(THE PROBLEM)
Output every line below as it stands, dropping only the images.

(RECORDED INFORMATION)
* * * * * * *

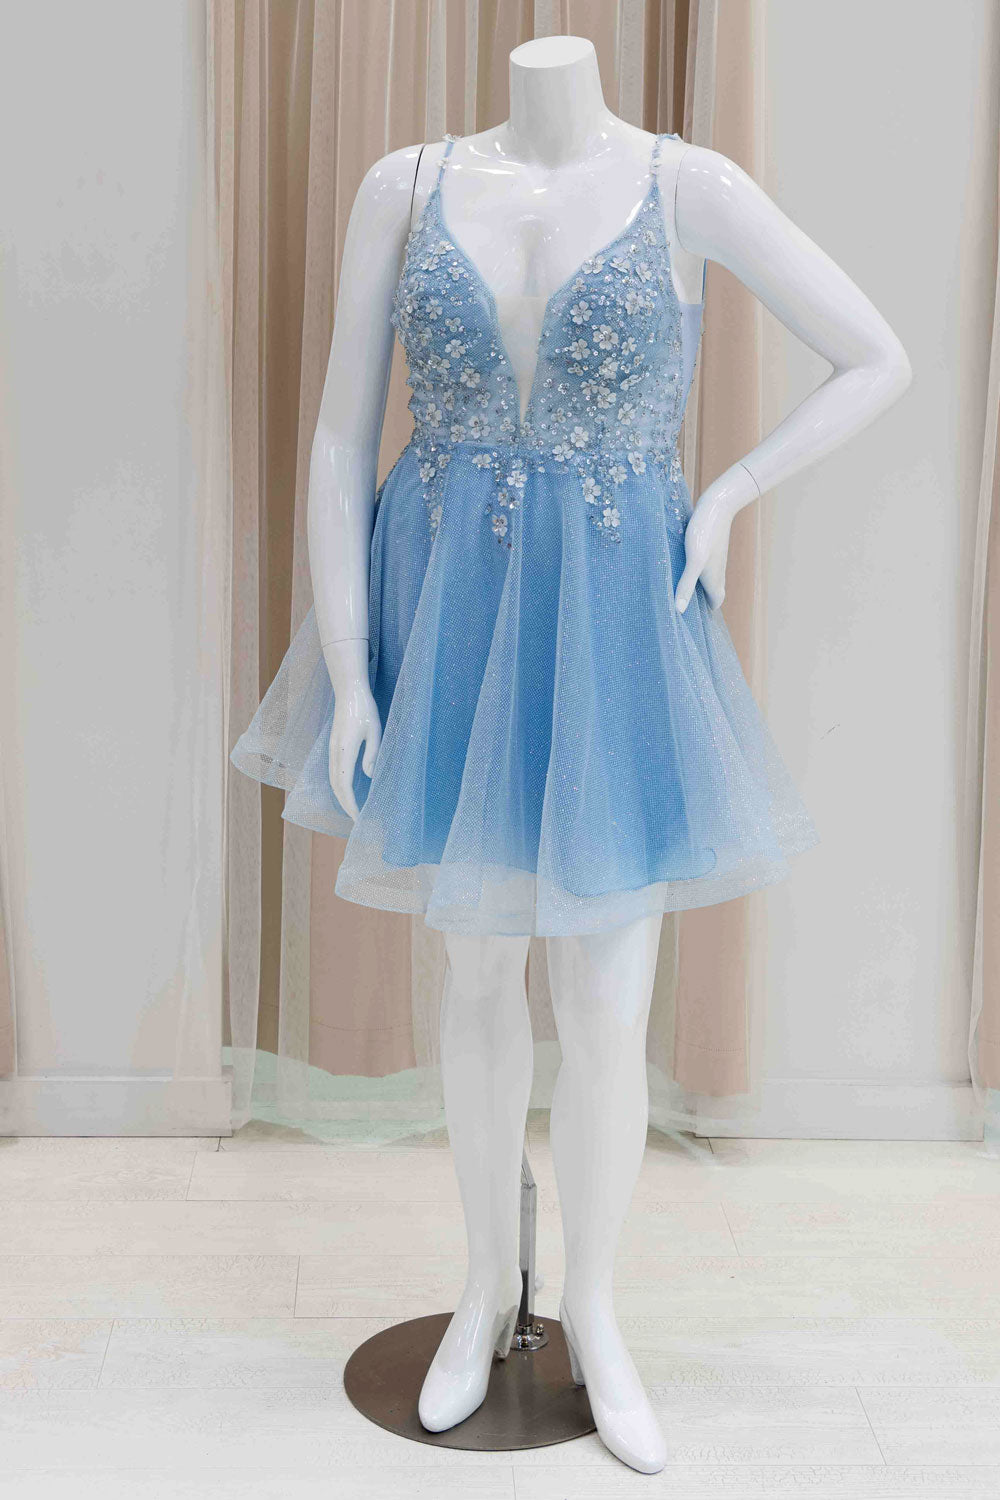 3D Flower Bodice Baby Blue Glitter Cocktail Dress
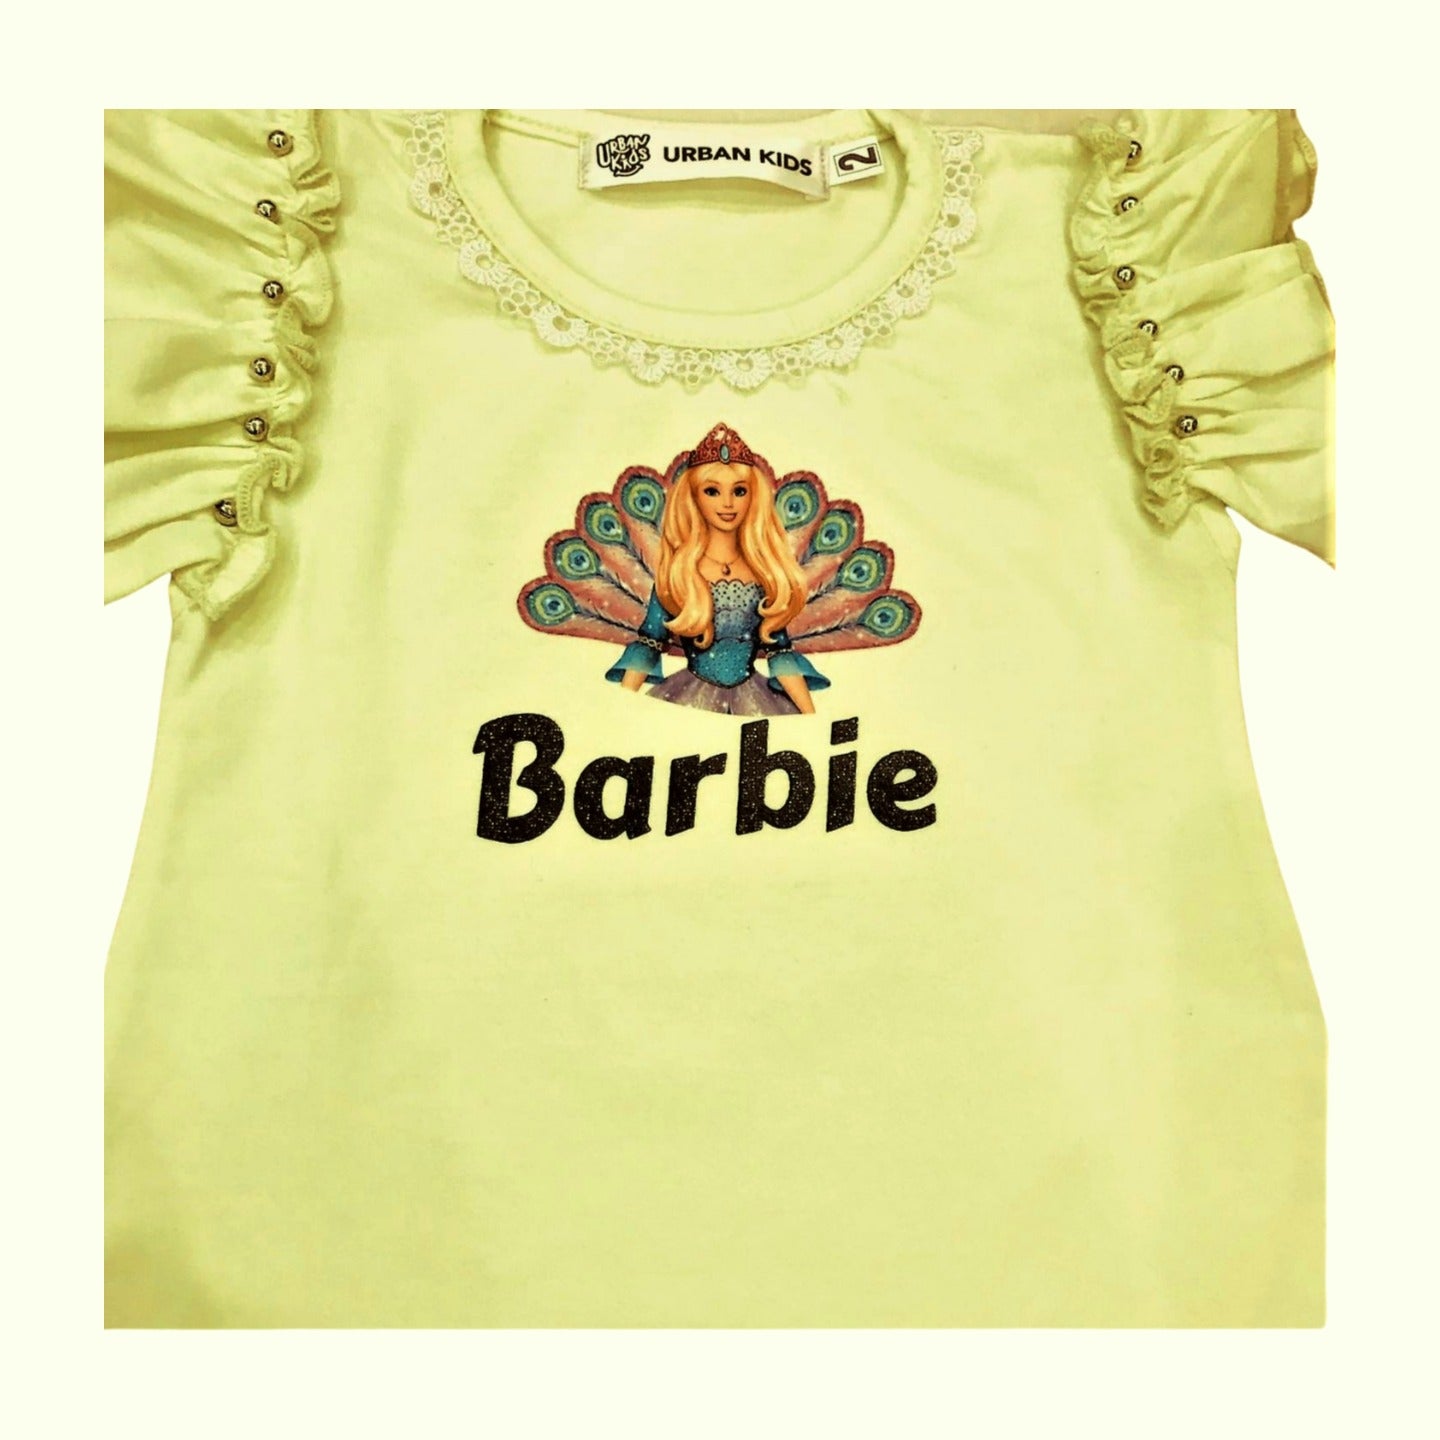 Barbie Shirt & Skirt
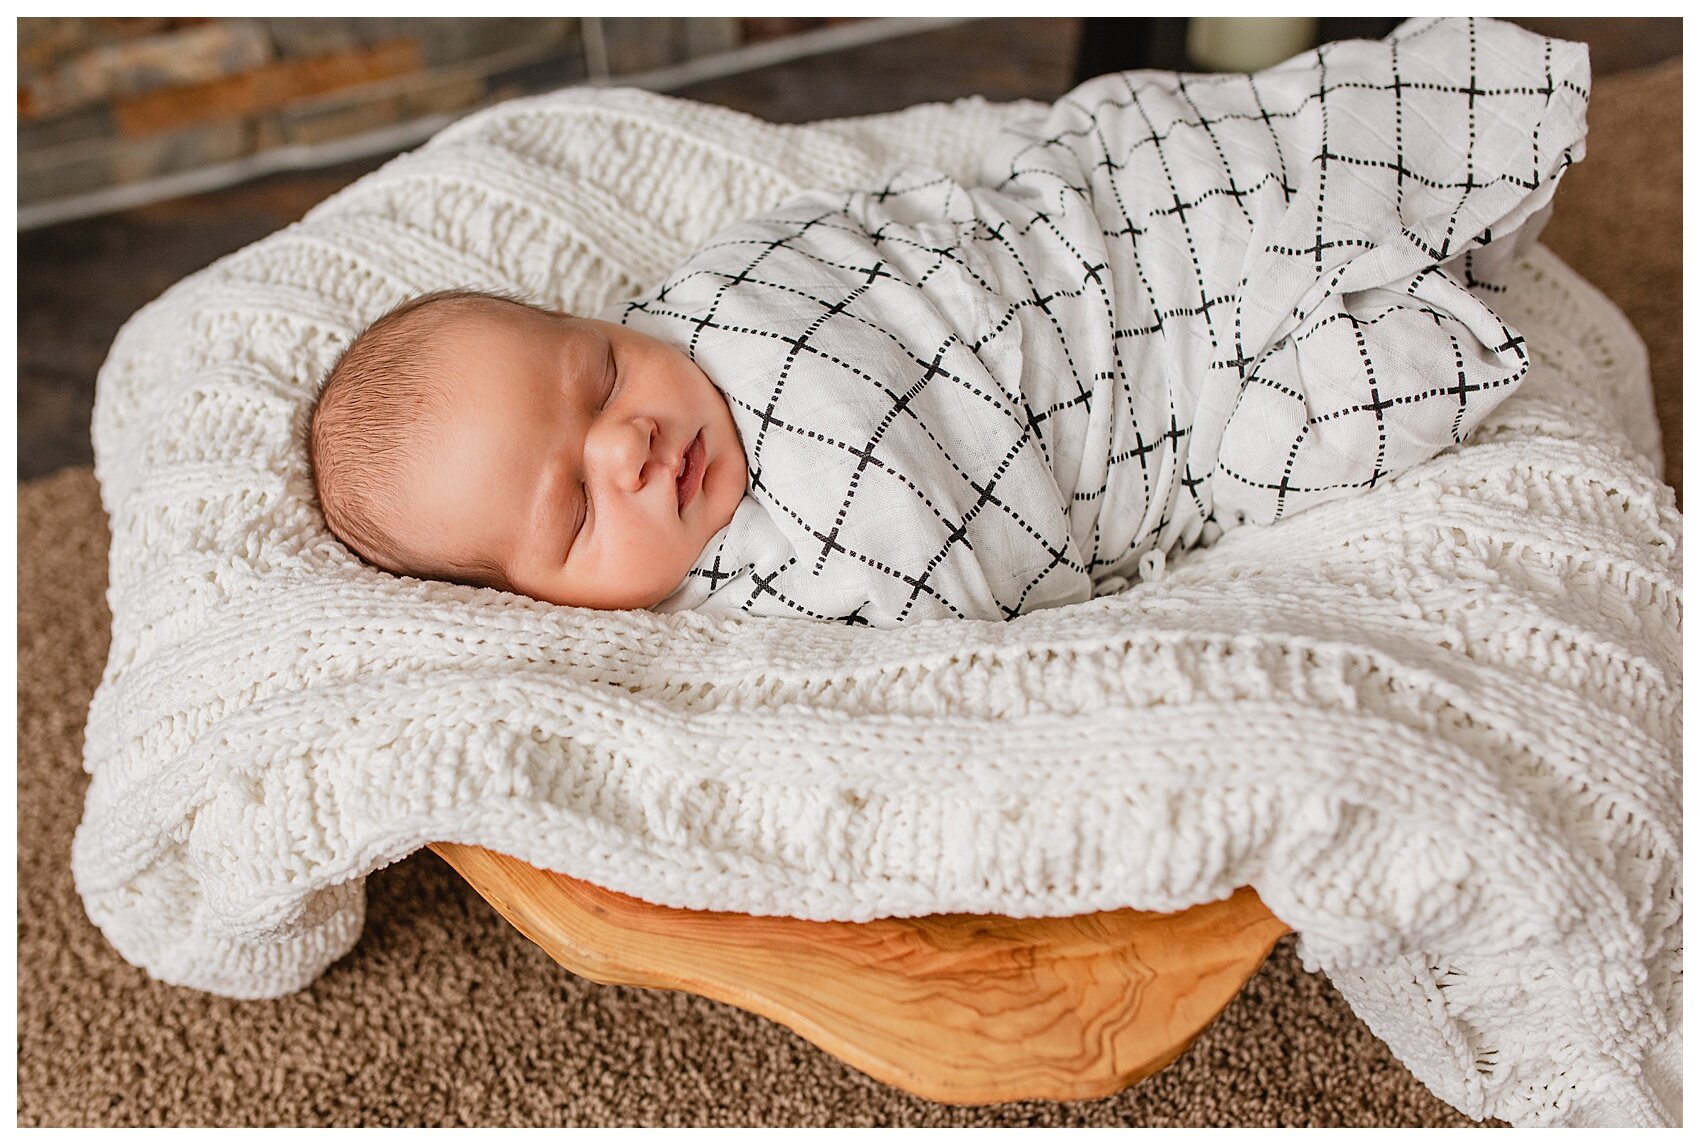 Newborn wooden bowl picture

* * * * * * *

(SOLUTION FOR THIS PROBLEM)
 3D Flower Bodice Baby Blue Glitter Cocktail Dress
 Barbie Shirt & Skirt
 Newborn wooden bowl picture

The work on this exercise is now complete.